What does CSTB specifically prohibit?

International Convention for the Suppression of Terrorist Bombings

“Article 2 of the Convention declares that any person commits any offense within the meaning of the Convention if that person unlawfully and intentionally delivers, places, discharges or detonates an explosive or other lethal device in, into or against a place of public use, a state or government facility, a public transportation system, or an infrastructure
facility, with the intent (a) to cause death or serious bodily injury or (b) cause extensive destruction of such a place, facility or system, where such destruction results in or is likely to result in major economic loss.”

(Article 2 also applies to accomplices and contributors to the terrorist bombing.)

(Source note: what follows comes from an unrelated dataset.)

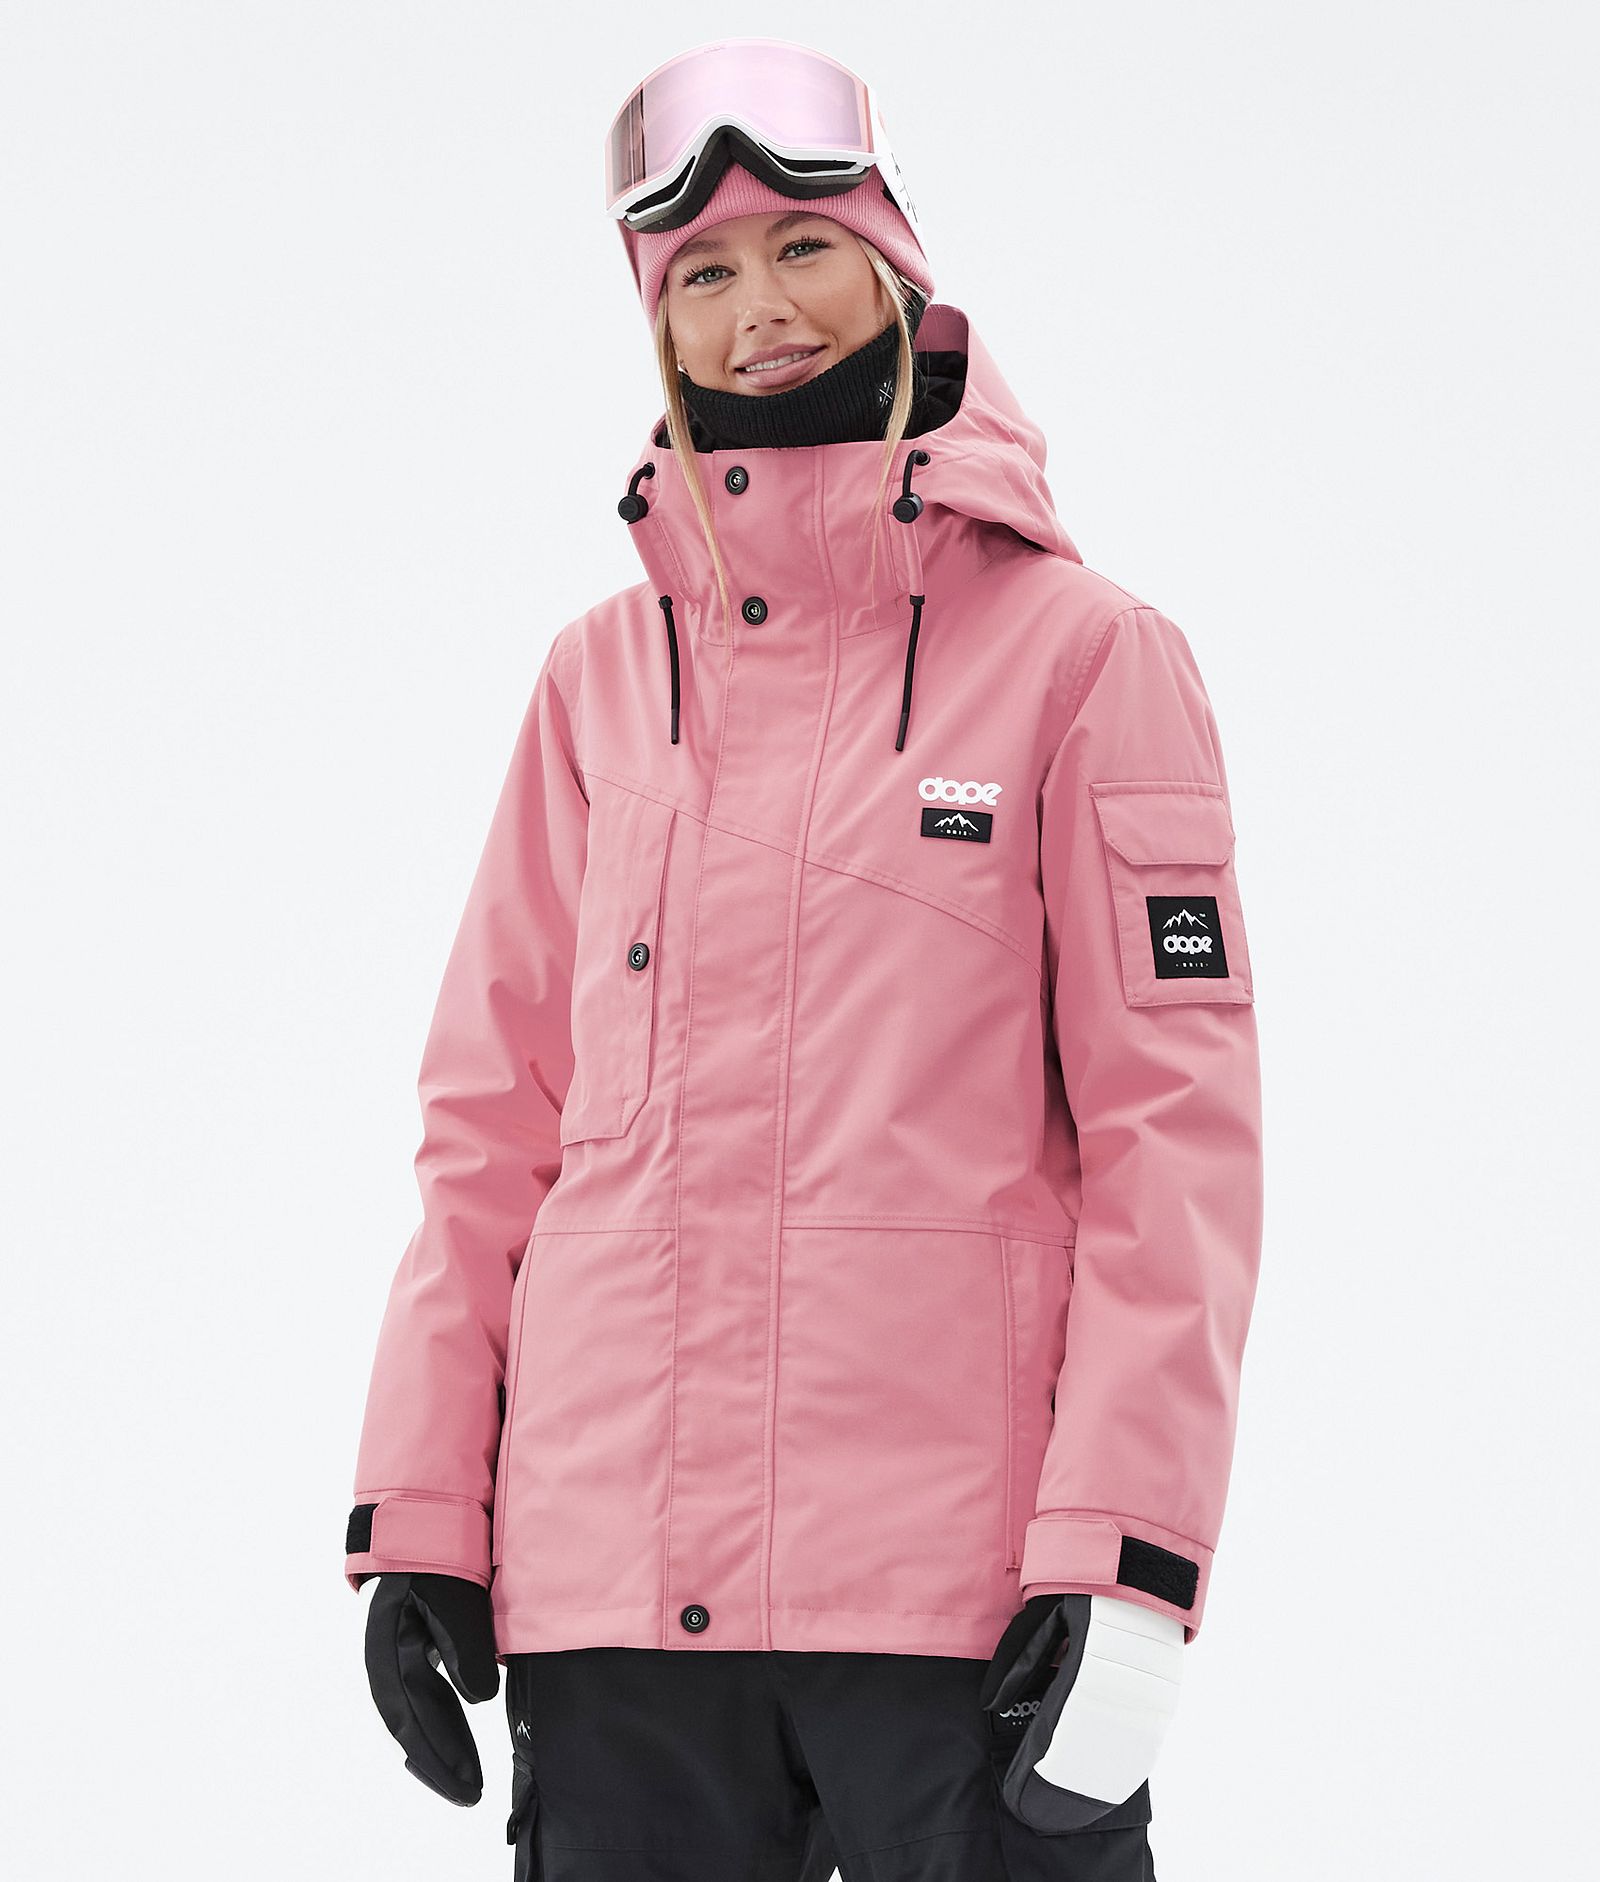 Adept W Ski Jacket Women Pink/Black, Image 1 of 10

Russian forces, accomplices, and some main contributors to their bombing capability have been bombing Ukrainian civilian infrastructure facilities, places of public use, state or government facilities, and transportation systems throughout Ukraine in 2022-23. (URL is to the interactive map of Ukrainian civilian harm events at Bellingcat). If continued as threatened, Russia’s war will trend in annihilation of Ukrainian civilization unless Ukraine surrenders.

Nation state supply, laundering, and shipping of bombs, explosives, and lethal devices that Russia’s mixed state military and mercenary force has used in terrorizing Ukrainian civilians include ammunition, rockets, missiles, explosives, kamikaze drones, lethal devices and their components by land, sea, and air that Russian forces deliver, place, discharge, or detonate against Ukraine’s civilian targets outlined in Article 1 of CSTB. Supply lines in international transit not in another state’s territory that ultimately contribute to Russia’s bombardments should be subject to CSTB’s authorized enforcement and suppression.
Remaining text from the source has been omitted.